Toyota has announced that it will work with Oncor, a Texas-based electric utility, on vehicle-to-grid technology that may compete with Tesla’s Virtual Power Plant.
Tesla has sparked new interest in energy products since its launch of the Tesla Powerwall. The battery’s simple operation and obvious benefits to consumers have attracted numerous customers. This interest has, in turn, attracted new competitors, such as Toyota, who just this year announced its own energy storage solution. Toyota has now doubled down and will collaborate with an electric utility in Texas to offer customers vehicle-to-grid technology.
While Toyota’s vehicle-to-grid solution may sound quite different from Tesla’s Powerwall and associated Virtual Power Plant (VPP), the products sound quite familiar after reading the Japanese auto giant’s press release. The proposed new offering would allow customers to send their energy, in this case from their car, back to the grid during times of high demand or grid damage.
Toyota emphasizes that initially, this offering will be a pilot research program that will lead to a more extensive system, “[allowing] Toyota and Oncor to be better prepared to support the broader EV charging ecosystem in the United States.” The system will be tested at Oncor’s grid testing facility south of Dallas, Texas. Shortly after that, in 2023, a more public testing phase begins within Oncor’s service area in Texas.
Toyota did not specify when the program would be available for wider release or if the program would be dependent on making deals with utility companies. However, if Toyota’s program is anything like Tesla’s VPP program in Texas, each area would likely require some cooperation with the local utility provider.
“We envision a future where Toyota BEVs provide a best-in-class mobility experience, but also can be utilized by our customers to power their homes, their communities or even power back the electric grid in times of need,” said Christopher Yang, group vice president of Toyota Electric Vehicle Charging Solutions team. “Our collaboration with Oncor is an important step for us to understand the needs of utilities, as we plan to work closely with them to ensure every community can embrace Toyota’s shift to electrified vehicles.”
While the Toyota V2G program is not a perfect competitor to the Tesla VPP, especially considering the vehicle cannot always be plugged into the grid, it may be able to offer a reasonably similar experience at a lower price point. And better yet, it may even be a system that could be implemented in urban areas, such as parking garages, where a group of vehicles could help stabilize the nearby grid.

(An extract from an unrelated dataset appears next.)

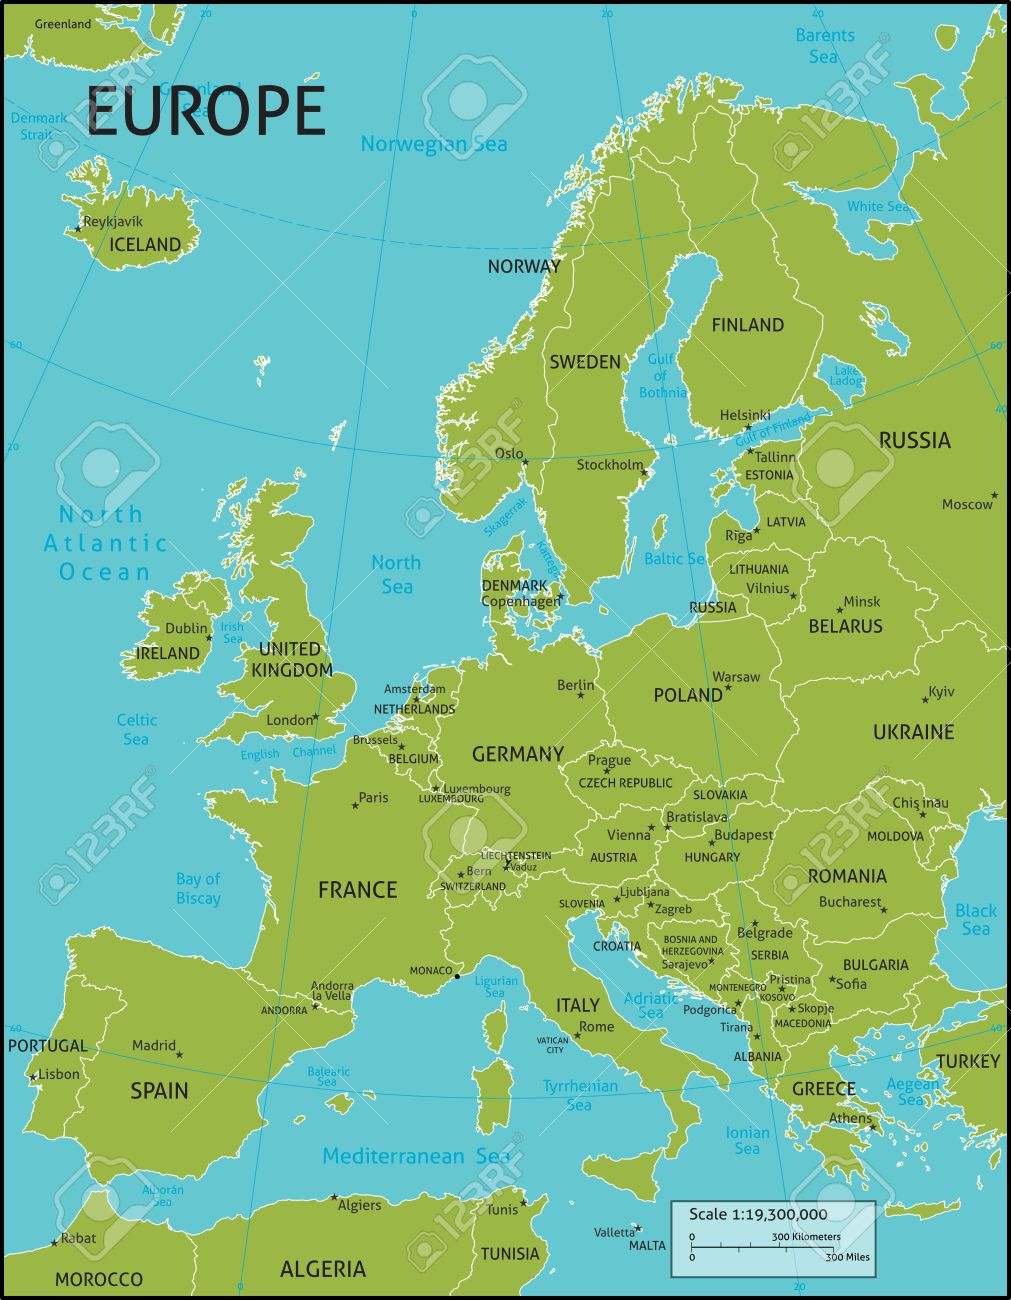 Une Carte De L'europe Avec Tous Les Noms De Pays, Et Les Capitales De Pays.  Organisé Dans La Version De Vecteur Dans Facile D'utiliser Des Couches. avec Pays D Europe Et Capitales

Vehicle-to-grid technology is an auspicious new feature that will likely attract countless consumers as they transition to electric vehicles. As shown by the Ford F150 Lightning’s vehicle-to-load capability, customers are willing to pay for the extra capability, especially if they don’t have to purchase a secondary battery akin to Tesla’s Powerwall. It will be interesting to see how Toyota’s new program influences buyers in the coming years.